Your inability to recognize or answer to any of the charges made against Wal-mart by the other posters speaks volumes about your use of narrow economistic criteria here and elsewhere. The myriad (and thoroughly documented) ways in which Walmart has harmed communities apparently represent either externalities or are trumped by the manna of "increased purchasing power". Even disregarding for a moment the systemic injustices perpetrated by this leviathan, are you so dazzled by the spectacle of the array of "goods and services", efficiencies of scale, the MAGIC of the marketplace as to actually believe that the production and consumption of mass produced, overly-processed, monocropped, exported, cheap plastic crap is the highest aspiration of humanity? Oh, but of course, we are talking about the poor, the objects of all your paternalistic attentions, the patients who never seem to survive (or survive in spite of) the administration of your economic medicine. Given the proliferation of WalMarts across the landscape, one would expect poverty to have been eradicated completely! But that isn't what you are saying. Purchasing power! Yeah, only if it's shoddy enough, dangerous enough. For you, it's okay for people to be poor, in fact it's natural and beneficial for your system as a whole (and for WalMart especially). They just need more change in their pockets for 2-liters of Coke and lawn furniture. Voile! Now they're "absolutely" wealthy! Wealth creation? All that's being created is a new dependency that parasitic companies like Walmart exist on by exploiting. At least be honest about what you and your philosophical forebears really think about greed, class-rule, and "human nature" instead of exploiting people's natural empathy to further your fucked worldview by appealing to the poor. Whack MC indeed. You should've been a preacher.

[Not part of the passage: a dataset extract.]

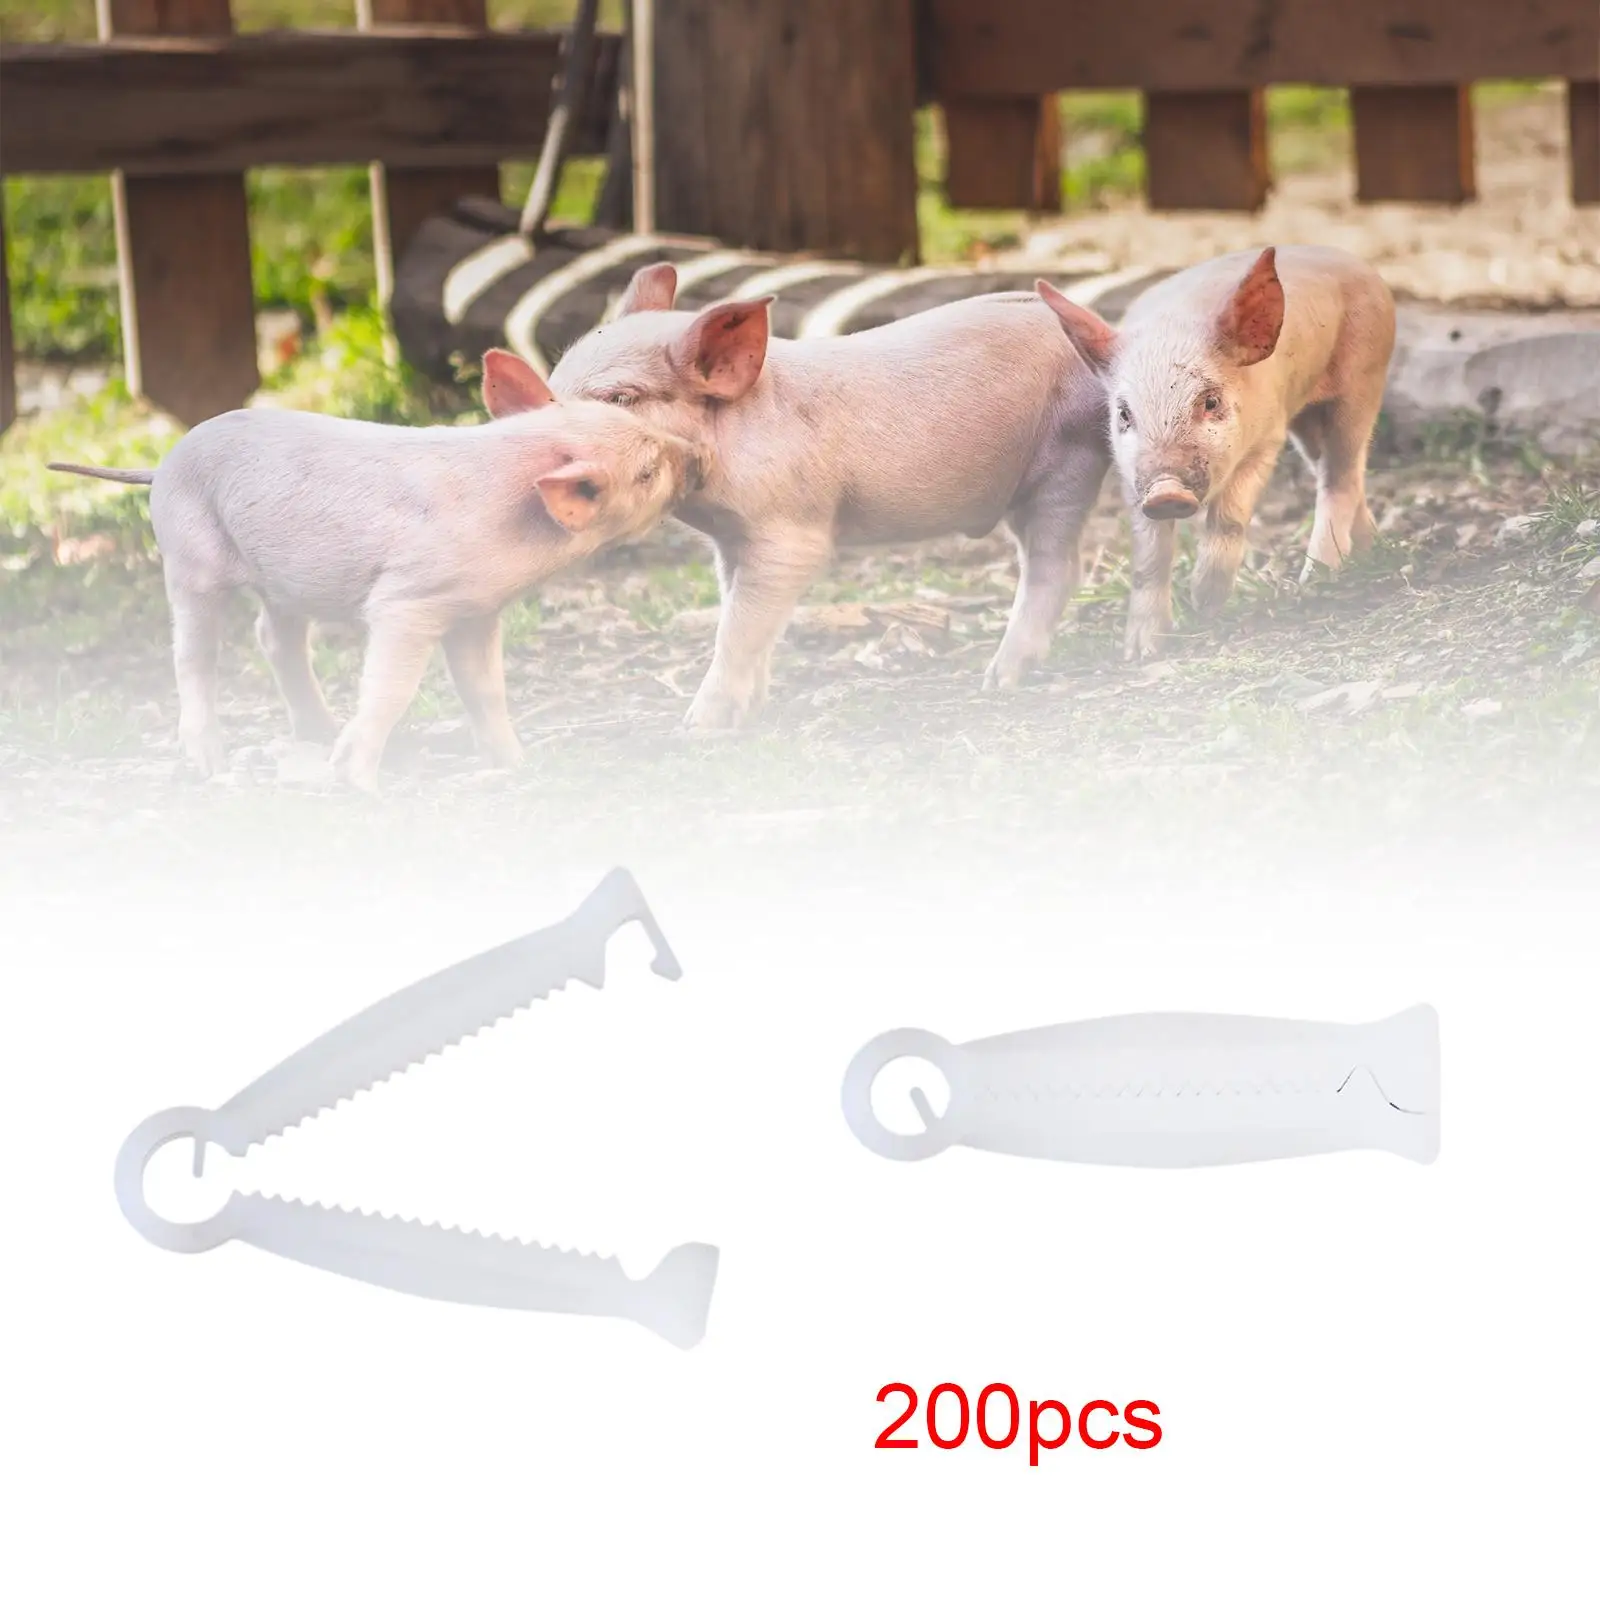 200Pcs Disposable Whelping Kits Multipurpose Portable Practical Pig Umbilical Cord Clip for sheep Sheep Cow Farming Pigs

Leftist intellectuals? Instigators and provocateurs? As if poor and working-class people don't know when they’re getting screwed! But of course your economic technocratic elitism only requires that they understand the model. Anybody who complains is just ignorant even when they can see with their own eyes that it’s rotten. Give us some graphs Jay_B. Make us understand. All will be revealed behind the curtain! You're a shyster, a snake oil salesman and the planet is starting to awake from your spell.

By the way, your anti-intellectualism should surprise no one, it's become a hallmark of all your postings. It's also a hallmark of fascist and totalitarian regimes that have always made appeals to "common sense", the "common man" and the poor. Go figure.